WHAT TO PRODUCE -
An exact copy is required of the lines running from the one that contains "トランスフォーマー キングダム『KD-10 オートボットインフェルノ』可変可動フィギュア-006" to the end of the material, both ends included, with pictures omitted.

COLLECTED MATERIAL -
▶

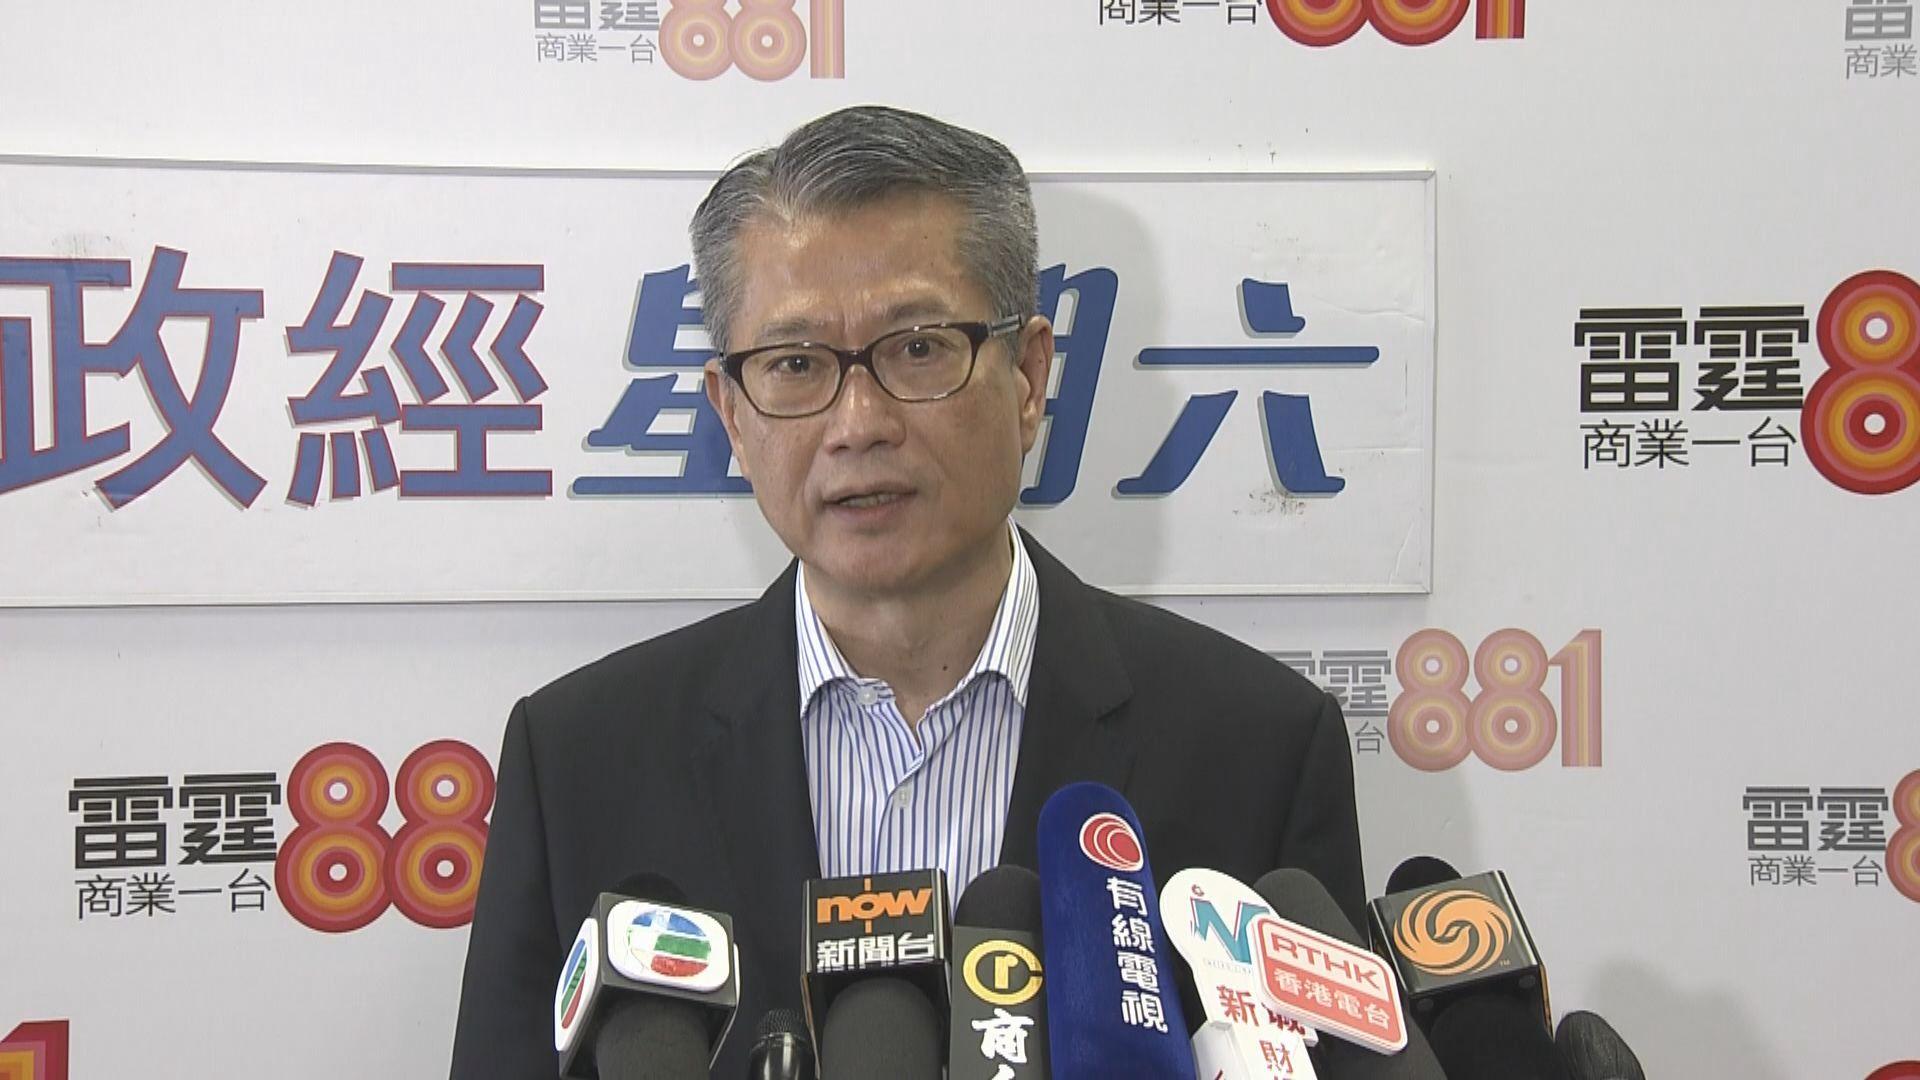 陳茂波:港人權與民主法案或影響投資氣氛
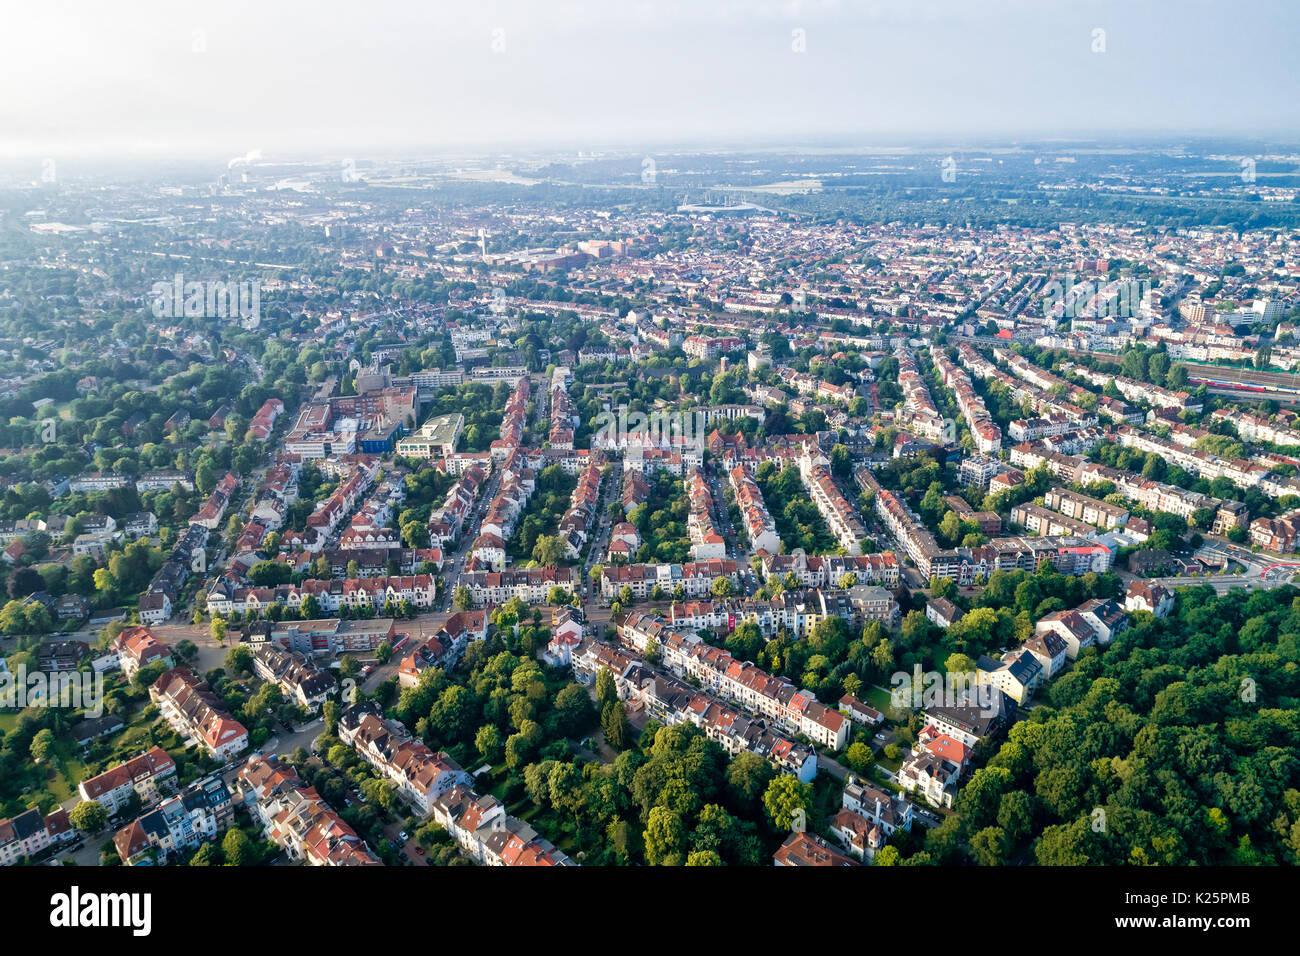 Bremen Fotografie stadt gemeinde bremen antenne fpv drone fotografie bremen ist eine
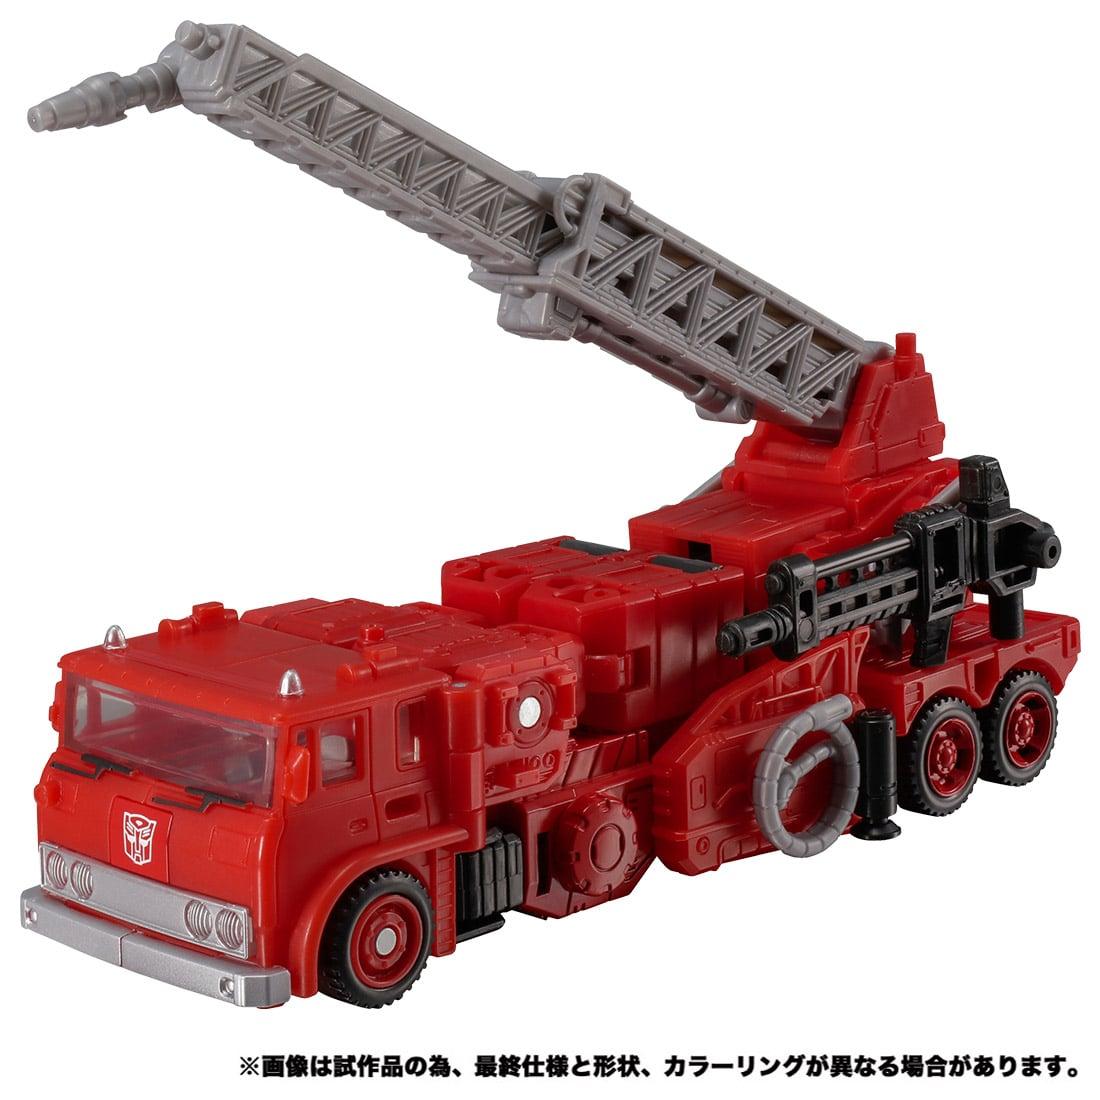 トランスフォーマー キングダム『KD-10 オートボットインフェルノ』可変可動フィギュア-006
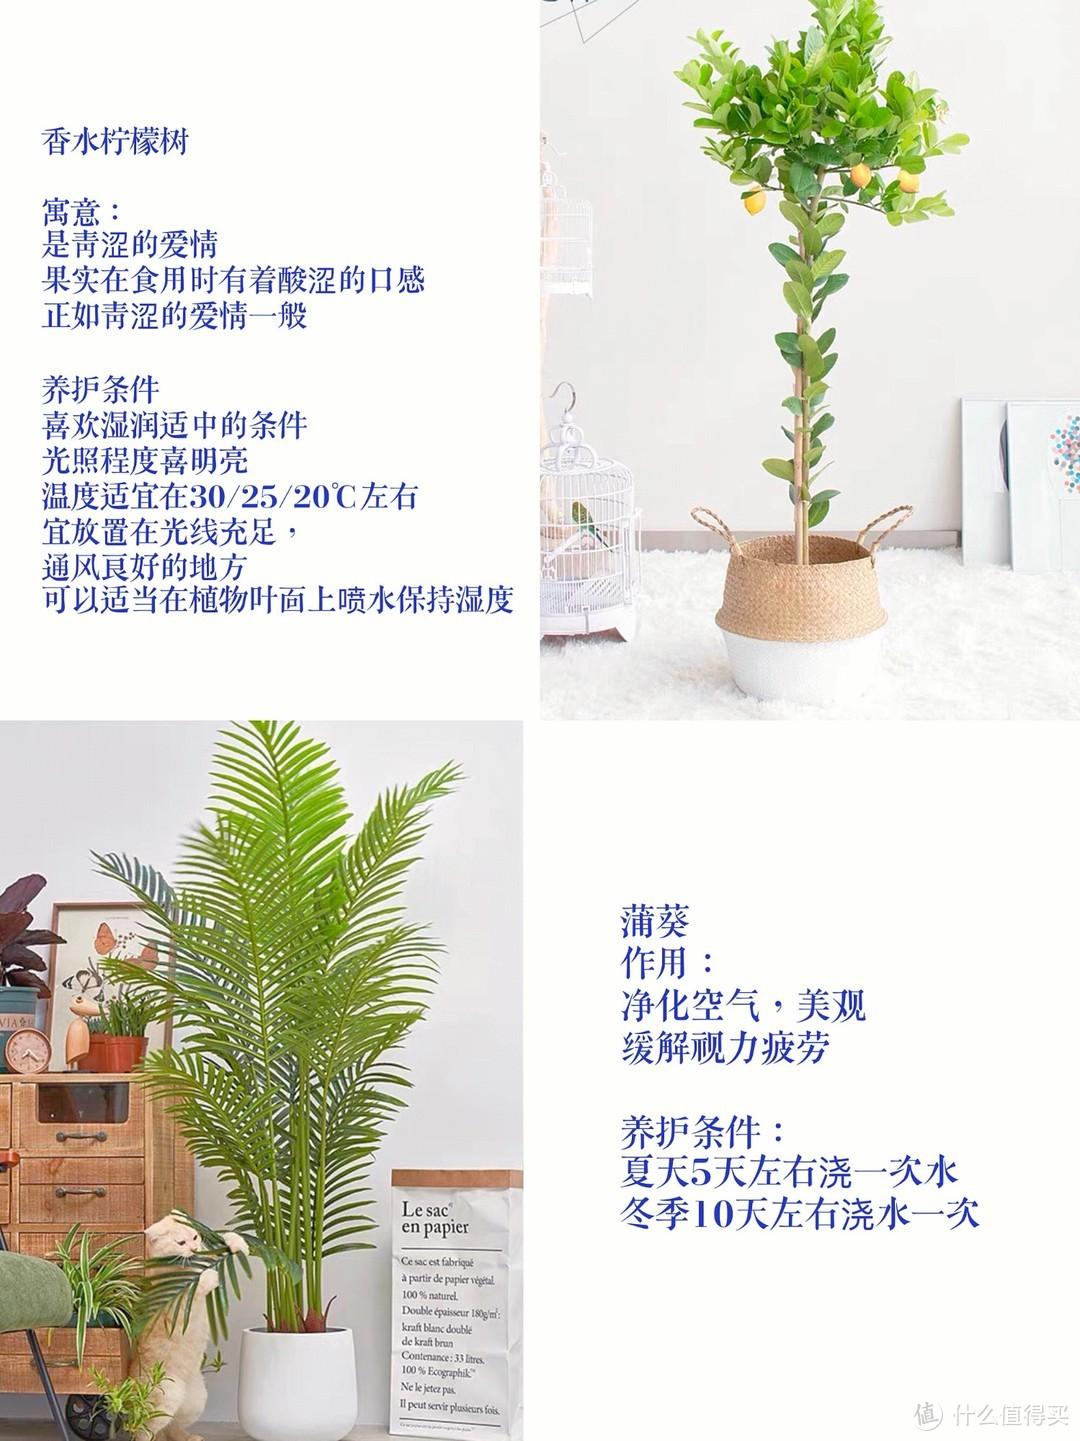 ins博主同款的9种网红绿植🌵附养护说明

◀

SOLUTION TO THIS TASK -
 トランスフォーマー キングダム『KD-10 オートボットインフェルノ』可変可動フィギュア-006
 ins博主同款的9种网红绿植🌵附养护说明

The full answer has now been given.